• ABOUT THIS EXERCISE: The lines to retype run from the one containing "Cute And Functional" through the end of the listing below. Reproduce them exactly, leaving out pictures.

• DATA PROVIDED:
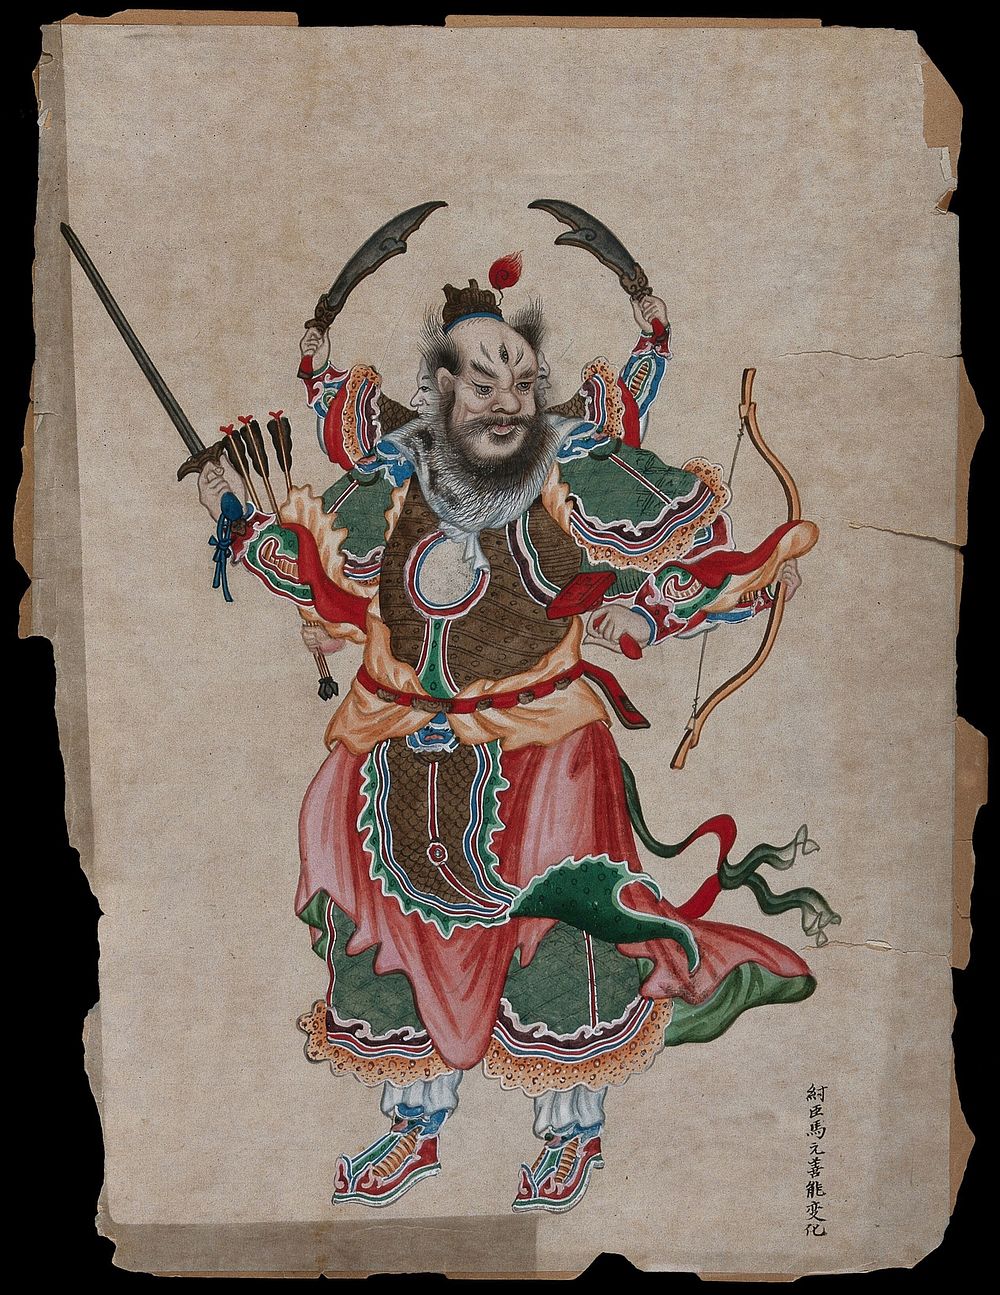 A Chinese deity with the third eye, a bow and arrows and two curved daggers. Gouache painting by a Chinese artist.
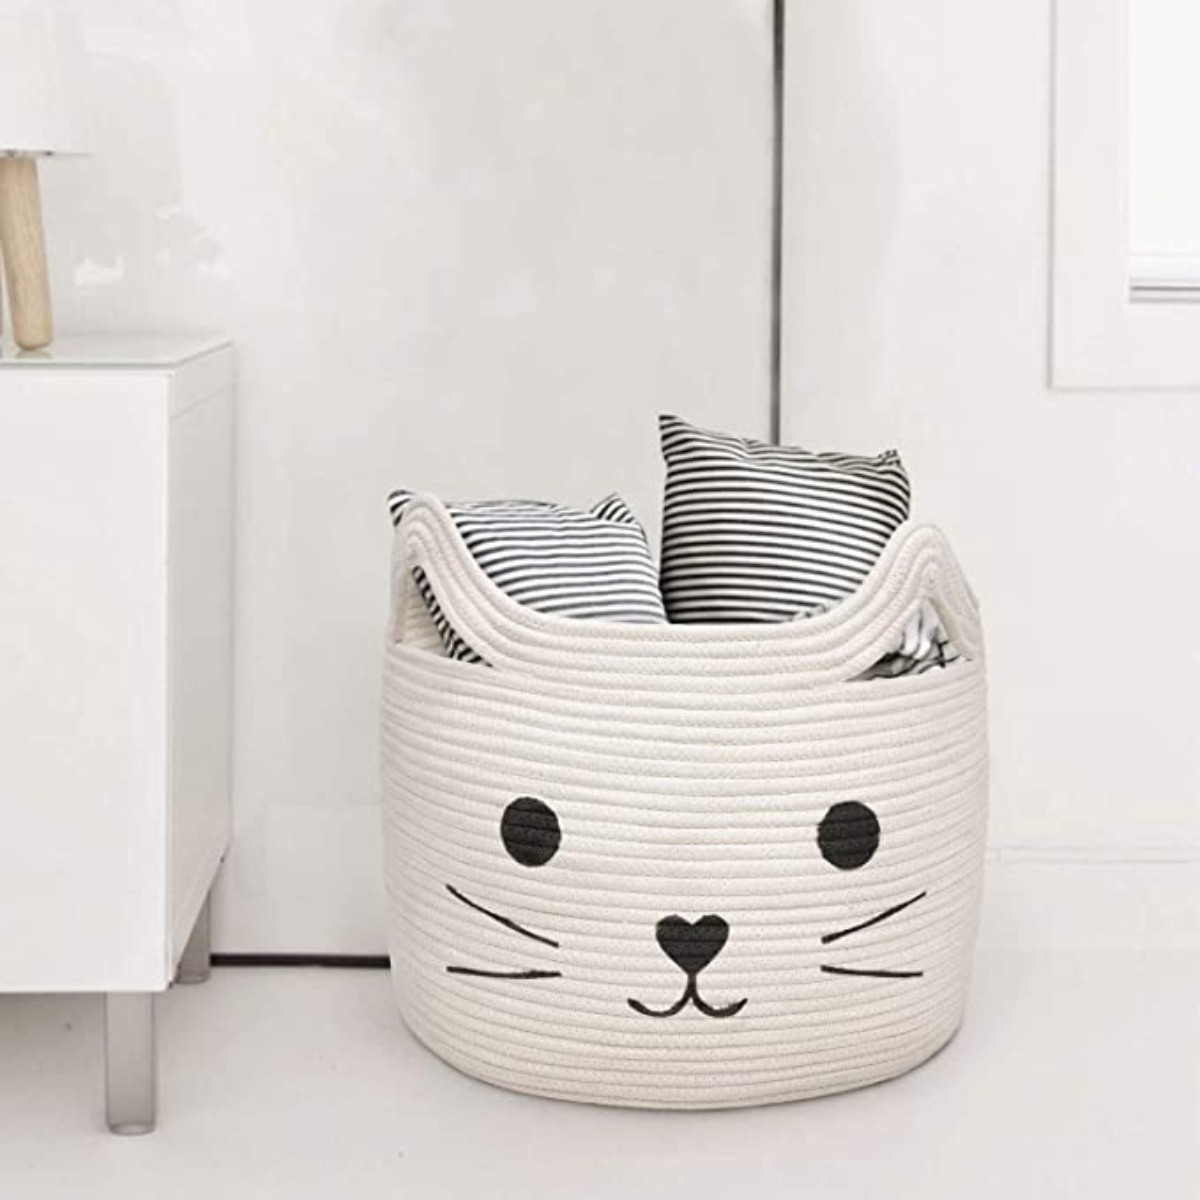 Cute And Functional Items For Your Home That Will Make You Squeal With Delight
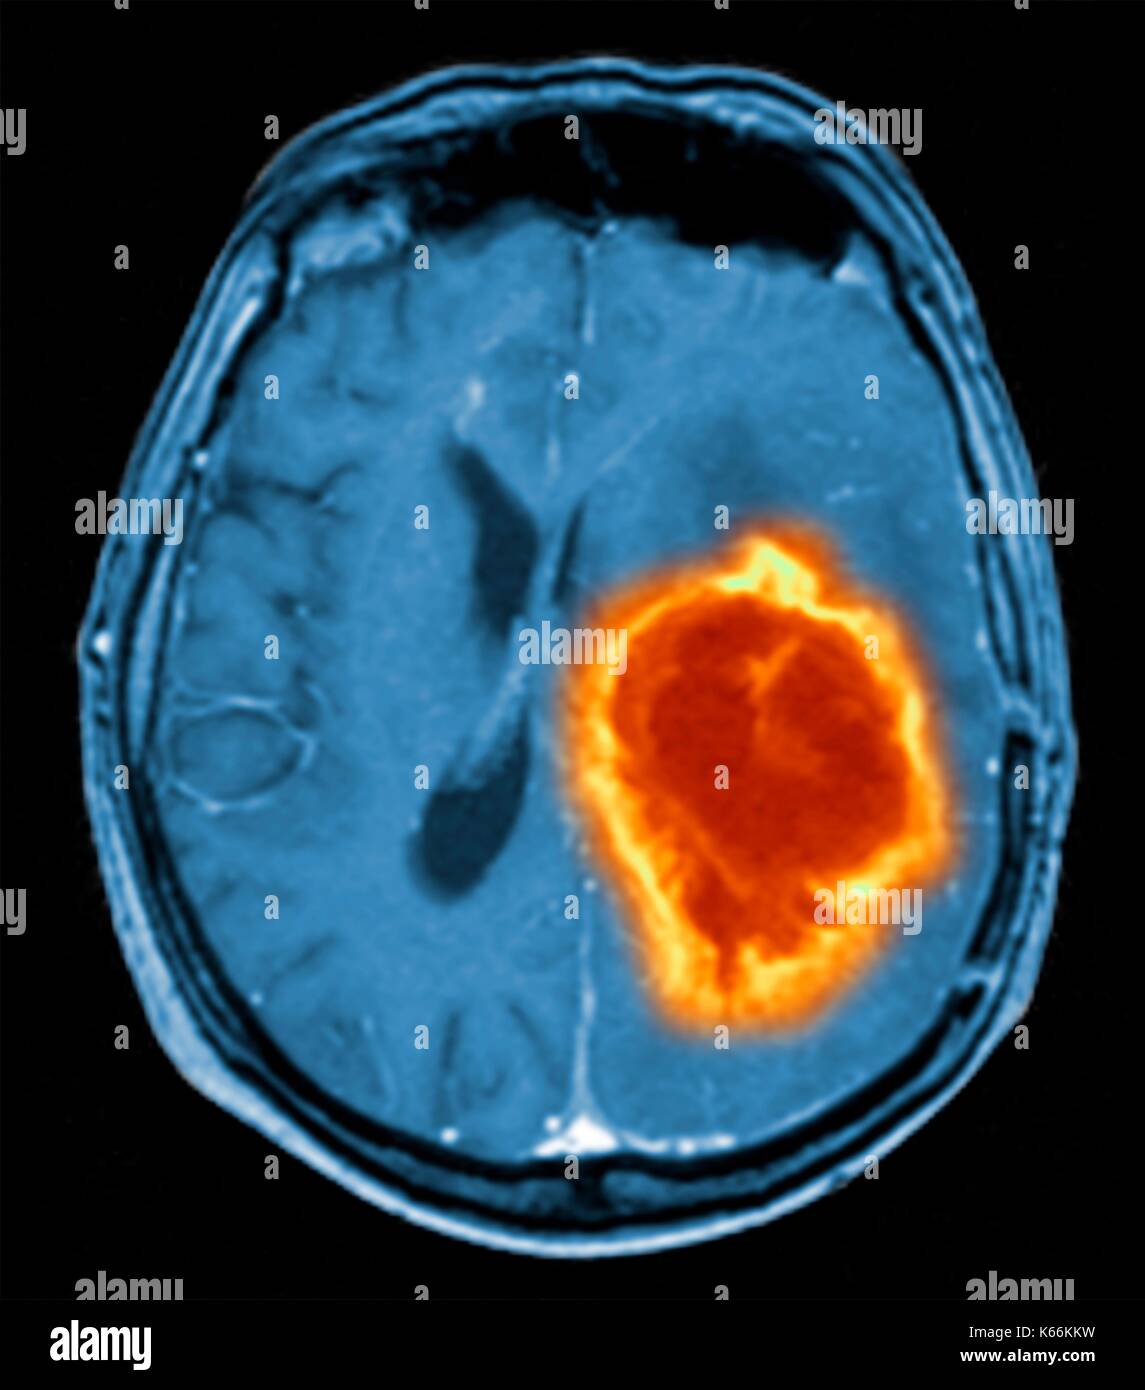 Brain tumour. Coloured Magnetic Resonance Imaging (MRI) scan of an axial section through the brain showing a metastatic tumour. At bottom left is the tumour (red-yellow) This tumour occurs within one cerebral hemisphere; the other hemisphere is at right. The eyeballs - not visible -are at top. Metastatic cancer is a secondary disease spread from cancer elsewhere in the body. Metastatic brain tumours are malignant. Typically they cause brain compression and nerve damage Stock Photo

• TASK SOLUTION:
 Cute And Functional Items For Your Home That Will Make You Squeal With Delight
 Brain tumour. Coloured Magnetic Resonance Imaging (MRI) scan of an axial section through the brain showing a metastatic tumour. At bottom left is the tumour (red-yellow) This tumour occurs within one cerebral hemisphere; the other hemisphere is at right. The eyeballs - not visible -are at top. Metastatic cancer is a secondary disease spread from cancer elsewhere in the body. Metastatic brain tumours are malignant. Typically they cause brain compression and nerve damage Stock Photo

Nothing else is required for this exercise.